[Stored data]
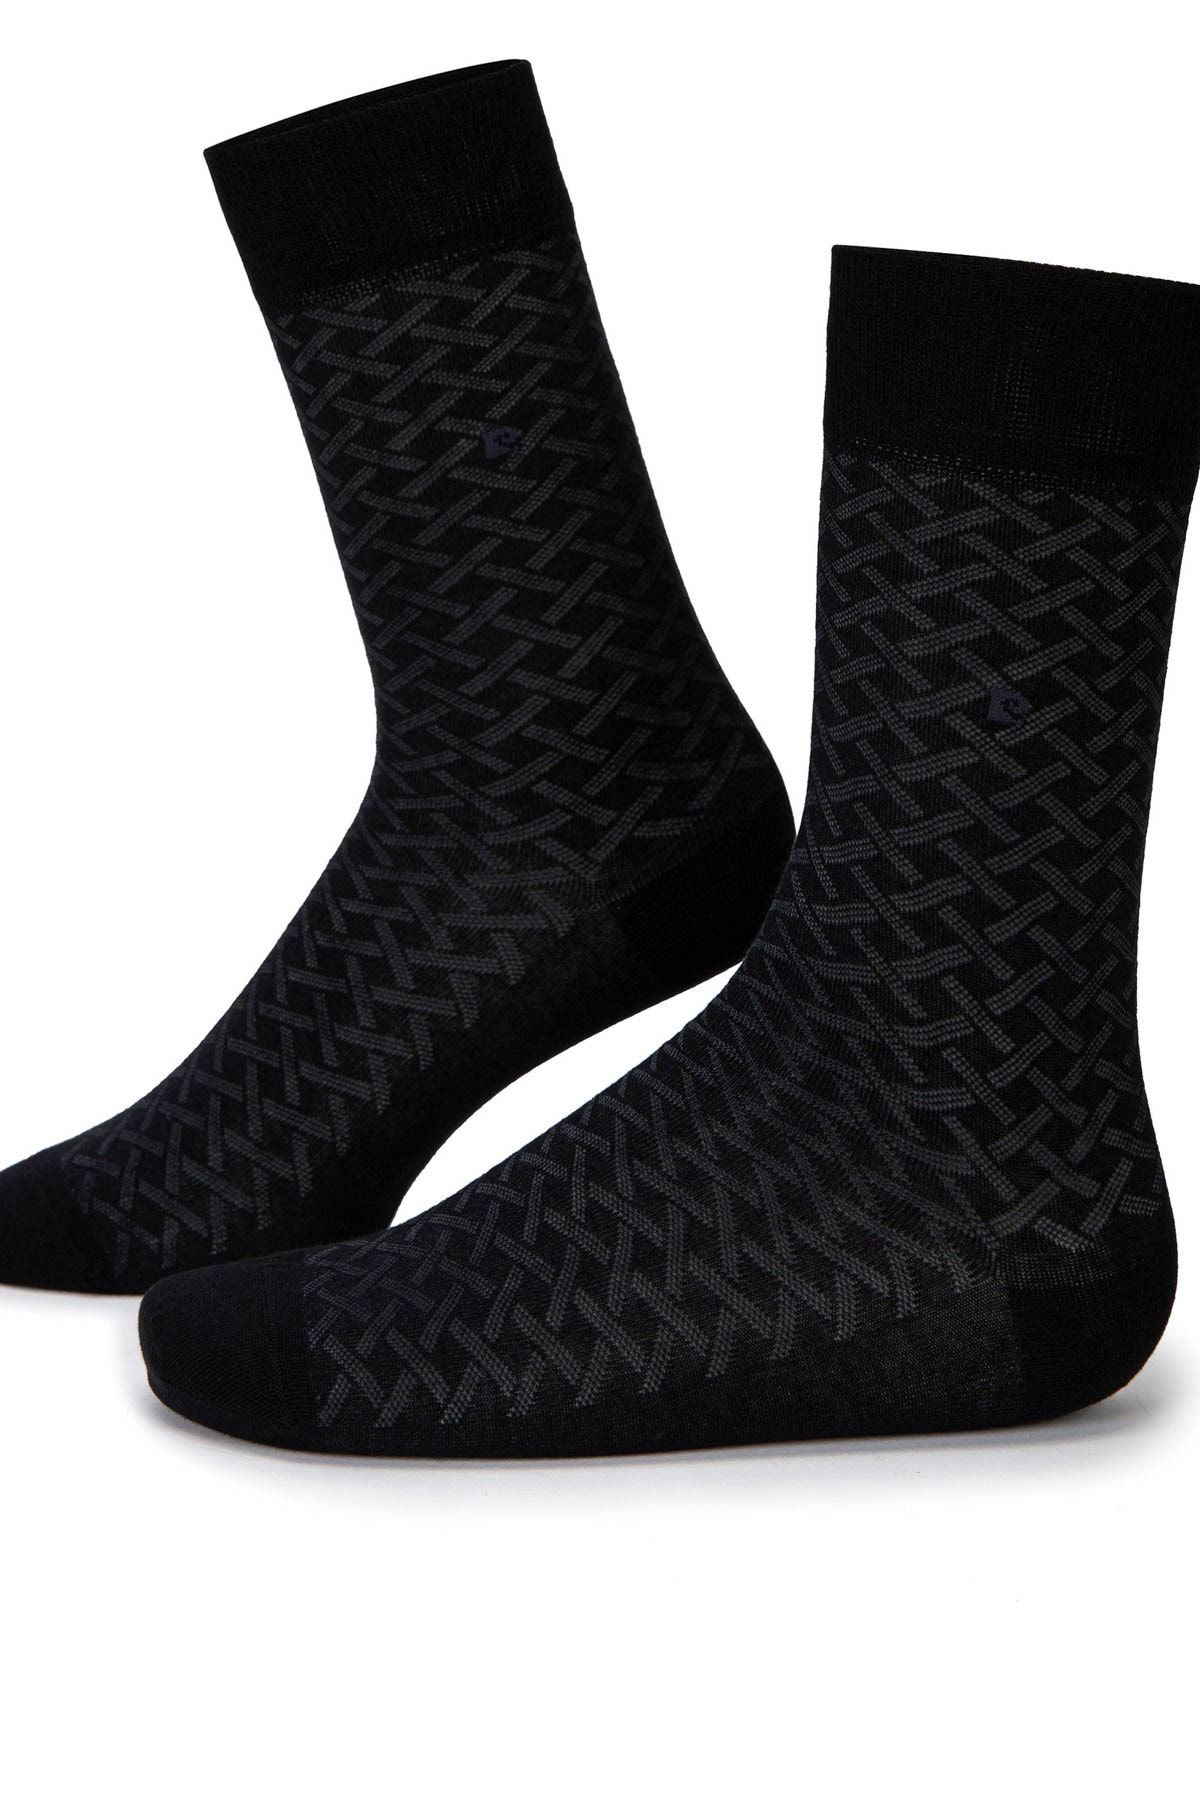 Pierre Cardin Erkek Siyah Çorap A021SZ013.G01.372-SK20
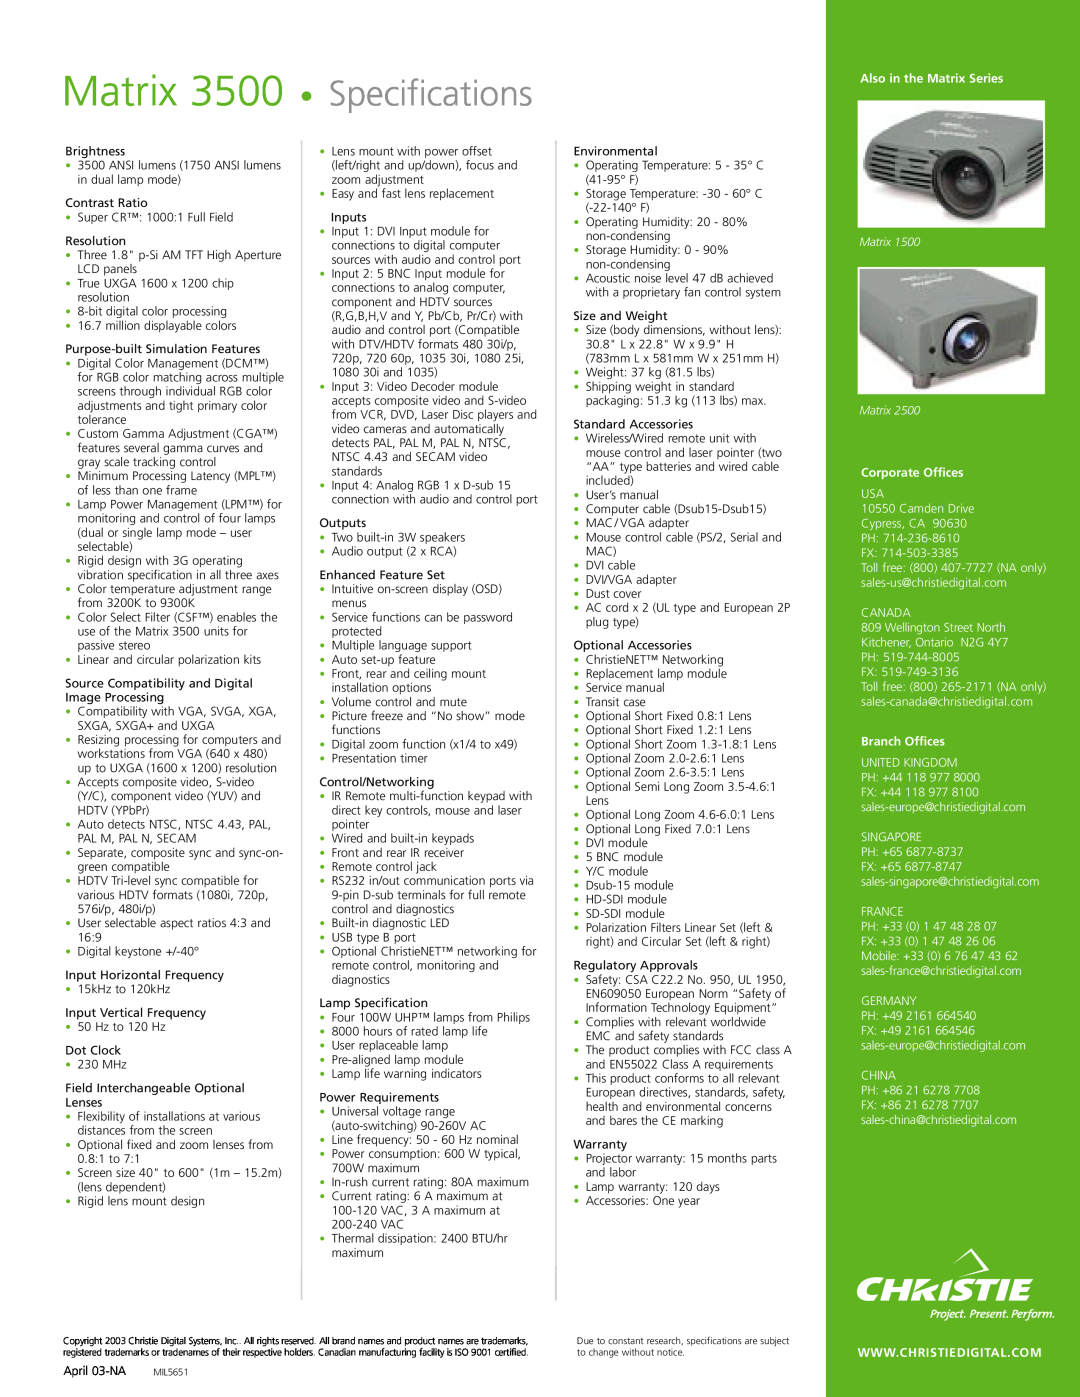 Christie Digital Systems manual Matrix 3500 Specifications, Also in the Matrix Series, Matrix Matrix, Corporate Offices 
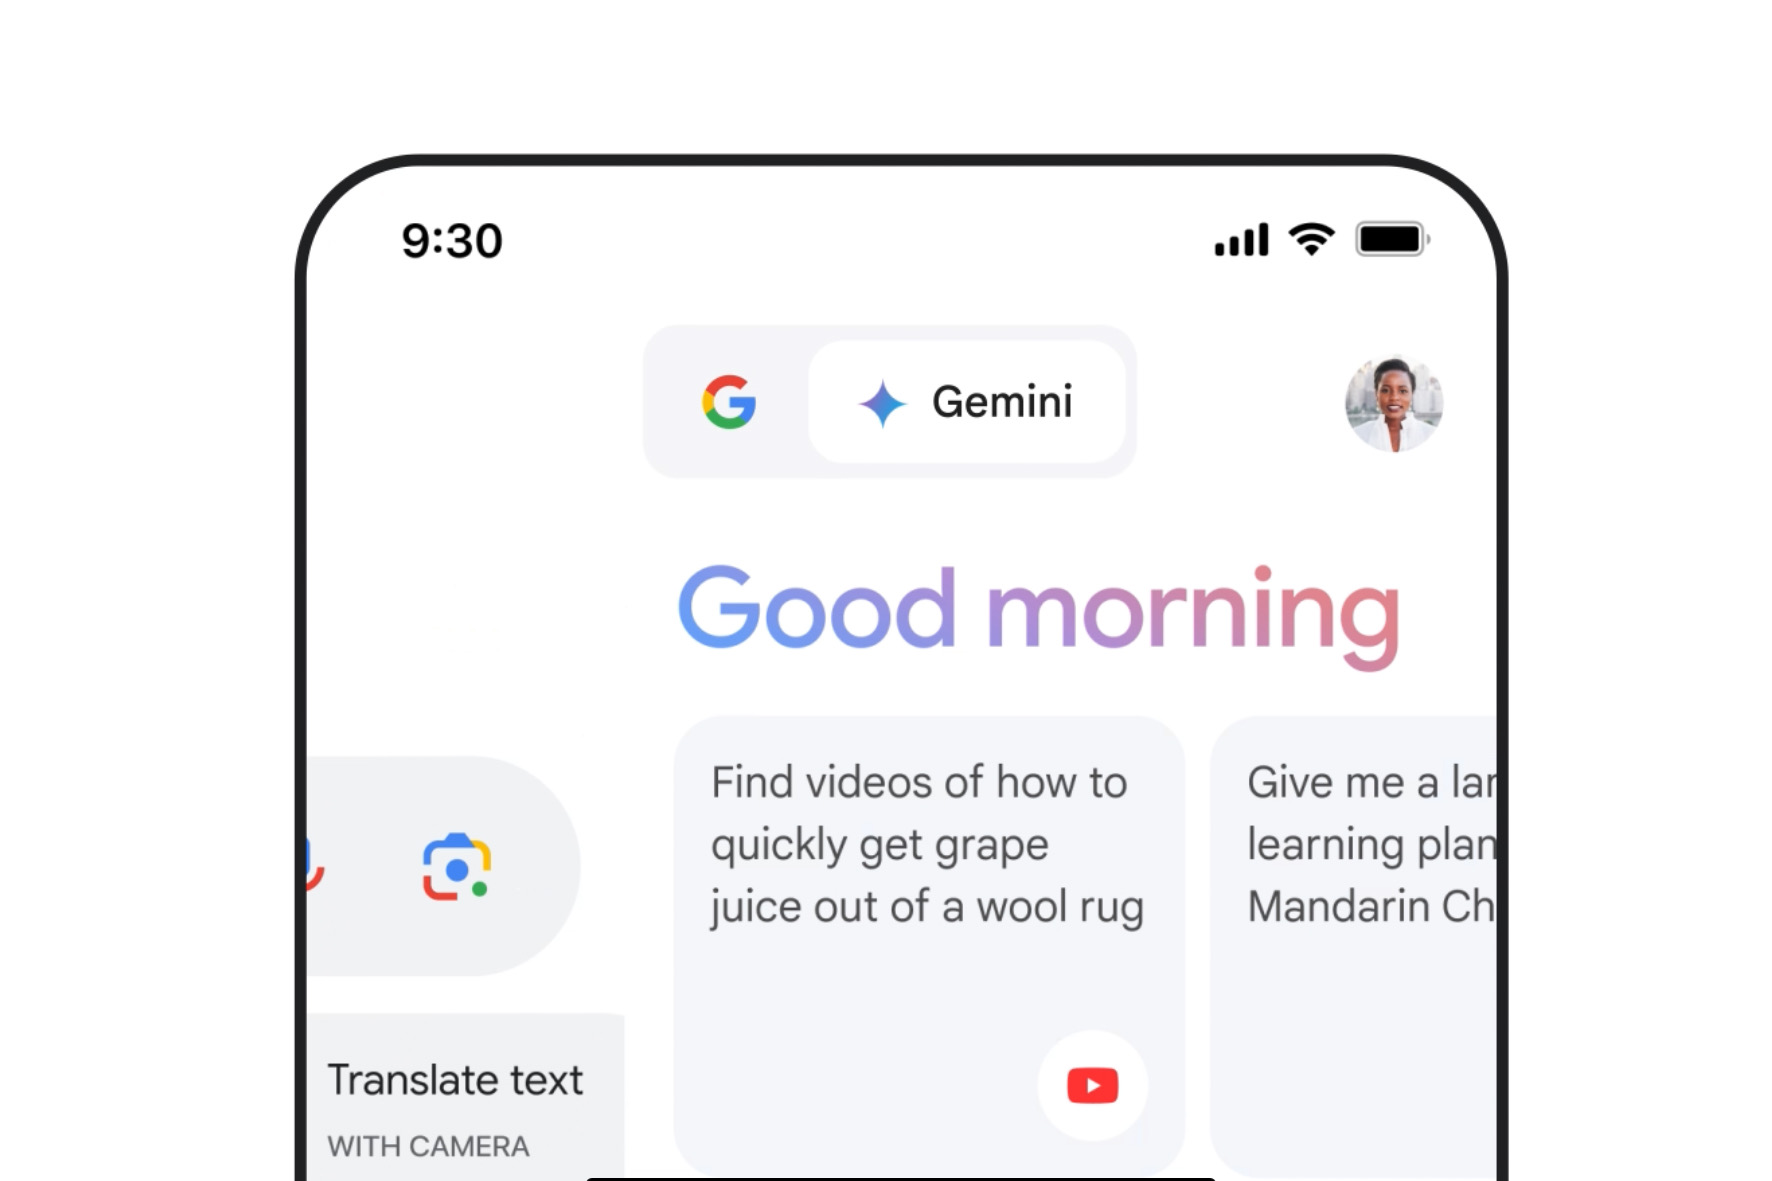 Running Google Gemini experience on iOS. 
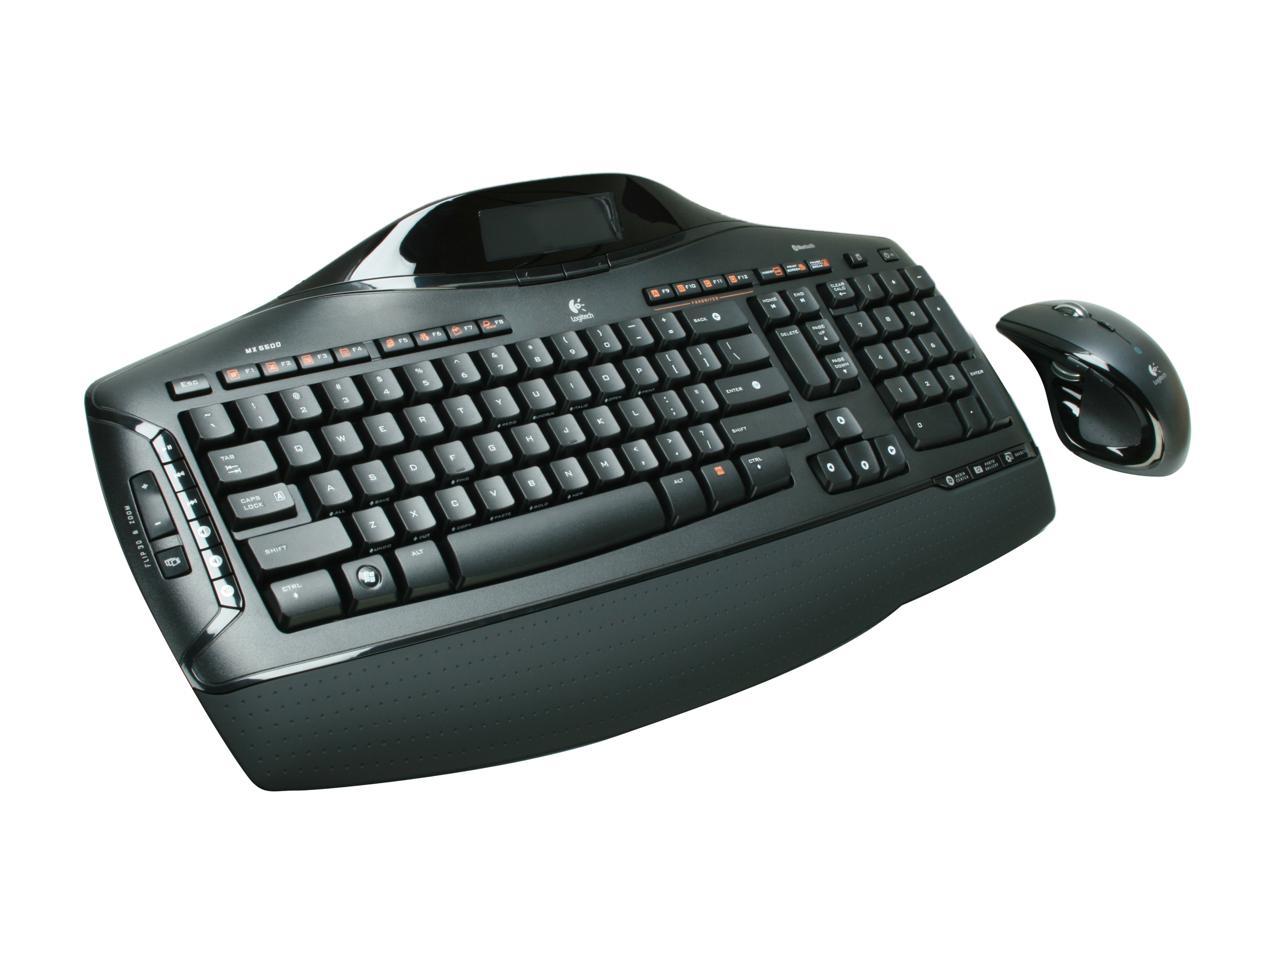 Logitech MX 5500 Revolution Black Cordless Cordless Desktop keyboard & Mouse Kit Newegg.com
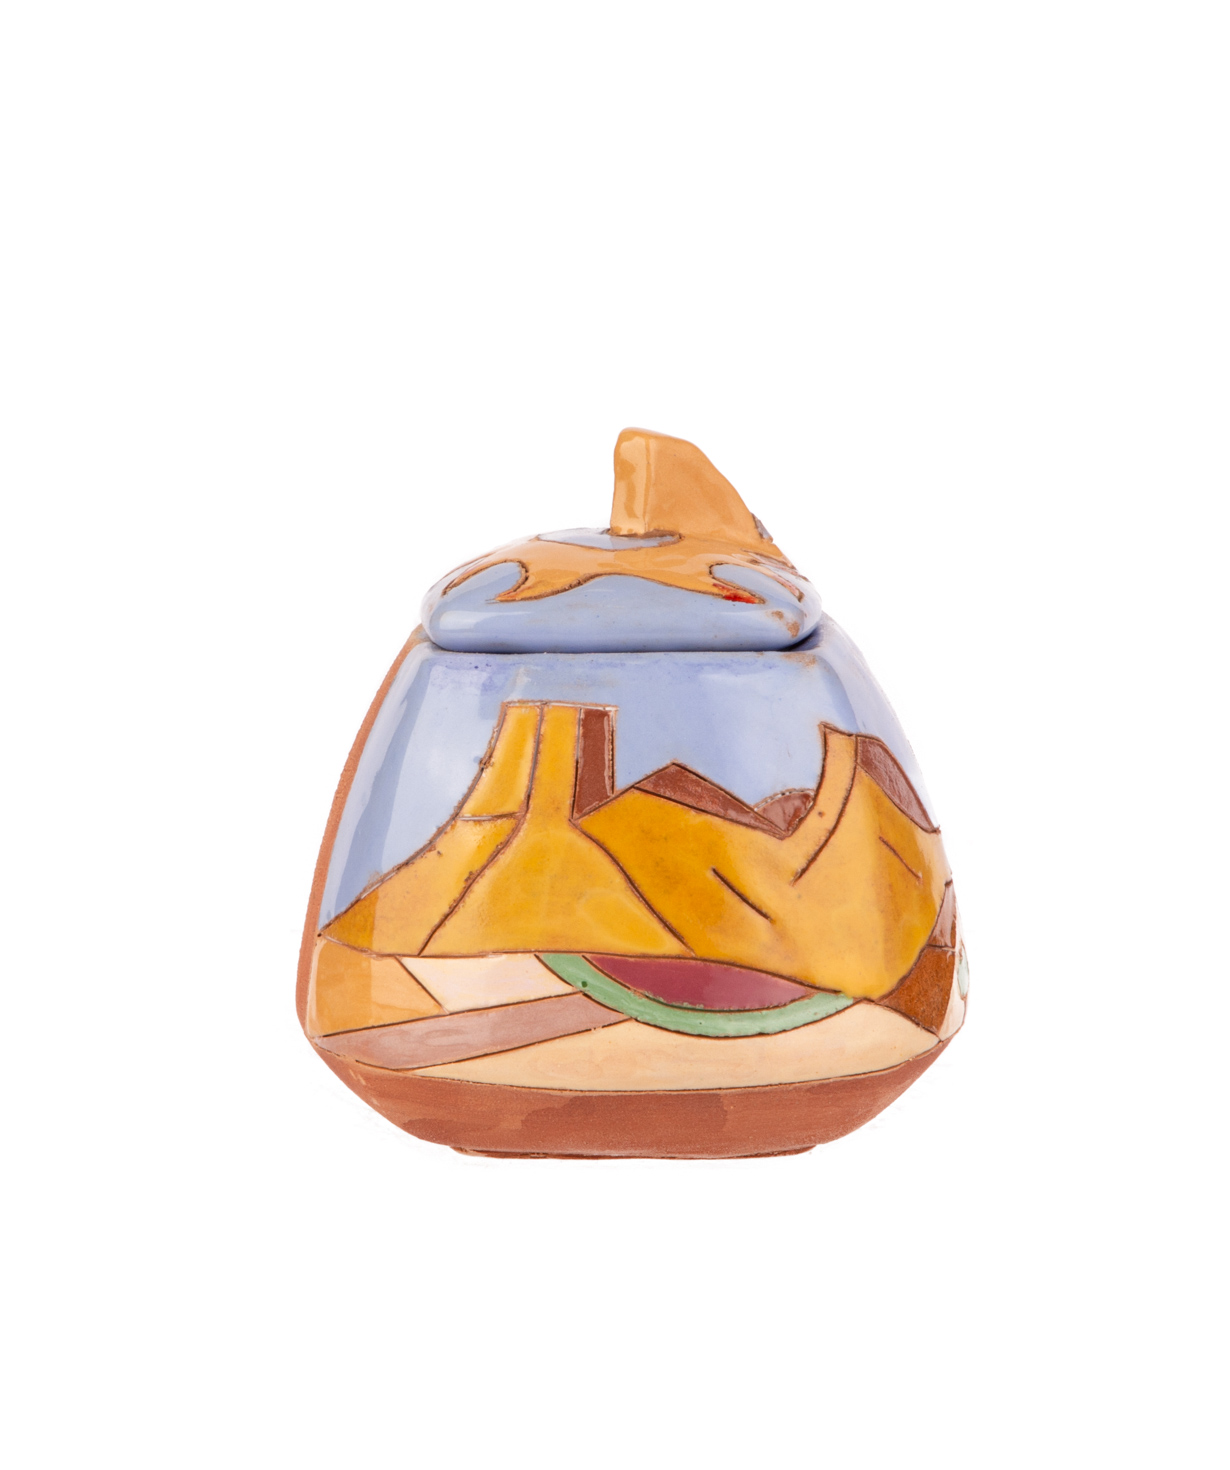 Sugar bowl `Nuard Ceramics` Saryan

### Problem to solve:
Quote every record above exactly, omitting any pictures they contain.

### Your response:
 Pierre Cardin Erkek Siyah Çorap A021SZ013.G01.372-SK20
 Christie Digital Systems manual Matrix 3500 Specifications, Also in the Matrix Series, Matrix Matrix, Corporate Offices 
 Running Google Gemini experience on iOS. 
 Logitech MX 5500 Revolution Black Cordless Cordless Desktop keyboard & Mouse Kit Newegg.com
 Sugar bowl `Nuard Ceramics` Saryan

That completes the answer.